Fourth, we should change the way we think about international institutions. They should not be regarded as sectoral empires for technocrats, but as poles of expertise able to devise solutions, support initiatives and provide monitoring.
Institutions are the global governance’s social capital. Such capital is scarce and as discussed already, the likelihood that new global institutions are going to see the light is low. So a case can be made for maximising the value existing institutions can deliver. This implies accepting the borders of their sectoral remit be soft rather than hard and this suggests that the focus in their governance should be less about their powers and resources and more about their analytical and organisational capabilities.

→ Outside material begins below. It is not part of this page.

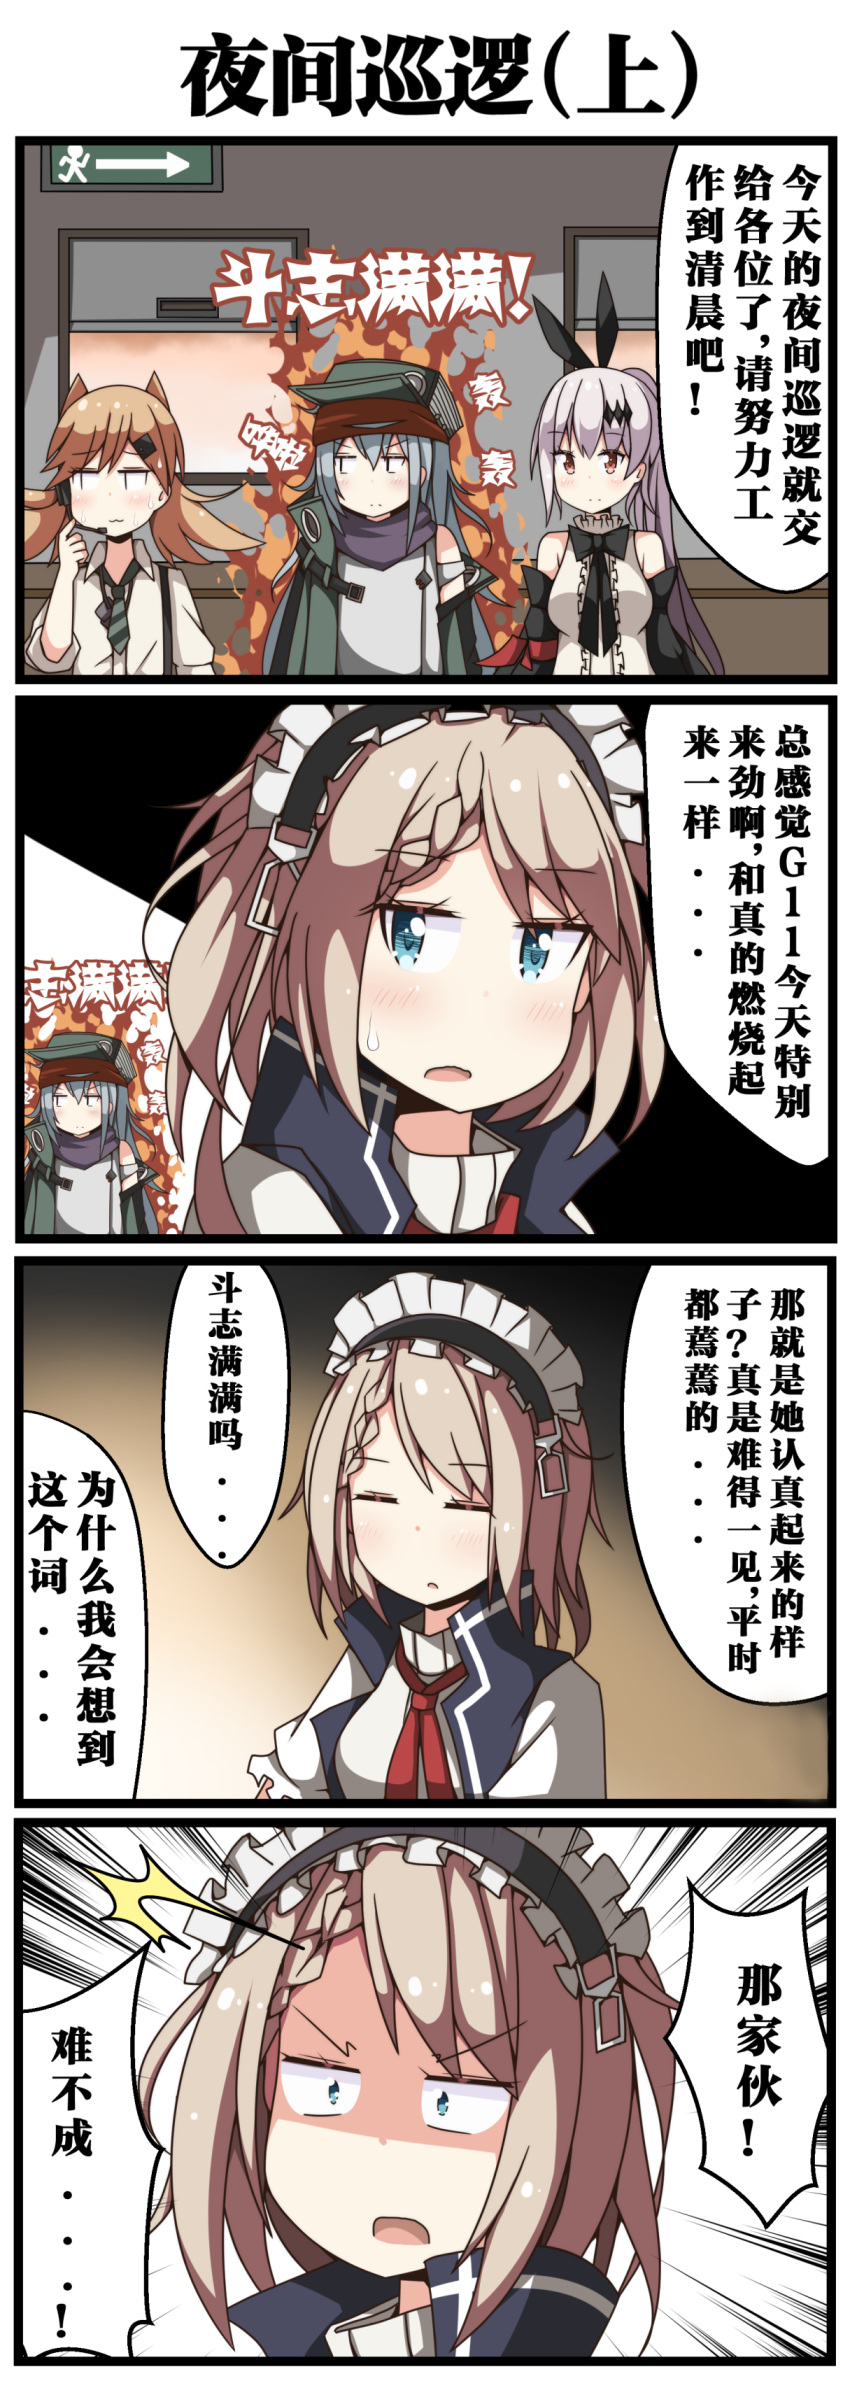 4girls 4koma absurdres ac130 blonde_hair braid comic commentary commentary_request fire five-seven_(girls_frontline) g11_(girls_frontline) g36_(girls_frontline) girls_frontline grey_hair highres idw_(girls_frontline) long_hair messy_hair multiple_girls ponytail translation_request wide-eyed

Fifth, we should think more systematically about the involvement of the private sector in governance arrangements. A governance system that does not rely on a strong legal basis and that cannot rely on sanctions is inevitably inclined towards involving stakeholders as a way to increase its effectiveness.
This has been the strategy explicitly followed for the Paris climate agreement, with some success. And there are numerous other examples, from sectoral regulations to the internet. There is nothing wrong about this approach, but it should not serve as an excuse for discharging of policy responsibility. The market can be part of the mechanism design, but the market won’t do the job.
Some institutions already provide examples of such a role: the IMF was not initially designed as an institution monitoring global capital markets, nor the OECD as an assessor of educational achievements.
In today’s world, multilateralism not require delegating competence to powerful global bodies, but it does require nimble institutions that are able to provide expertise, tell the truth, experiment and propose.
Let me close finally with the question I started from: can multilateralism survive? Only reality will tell us. But if it is to survive, it will be in a significantly different form than the one we inherited from the architects of the global economic regime. Its supporters would be well inspired to take notice and formulate an agenda for what could be called “parsimonious multilateralism”, or probably better, “critical multilateralism”: an approach that focuses on the essential and ensures that the best use is made of necessarily limited tools.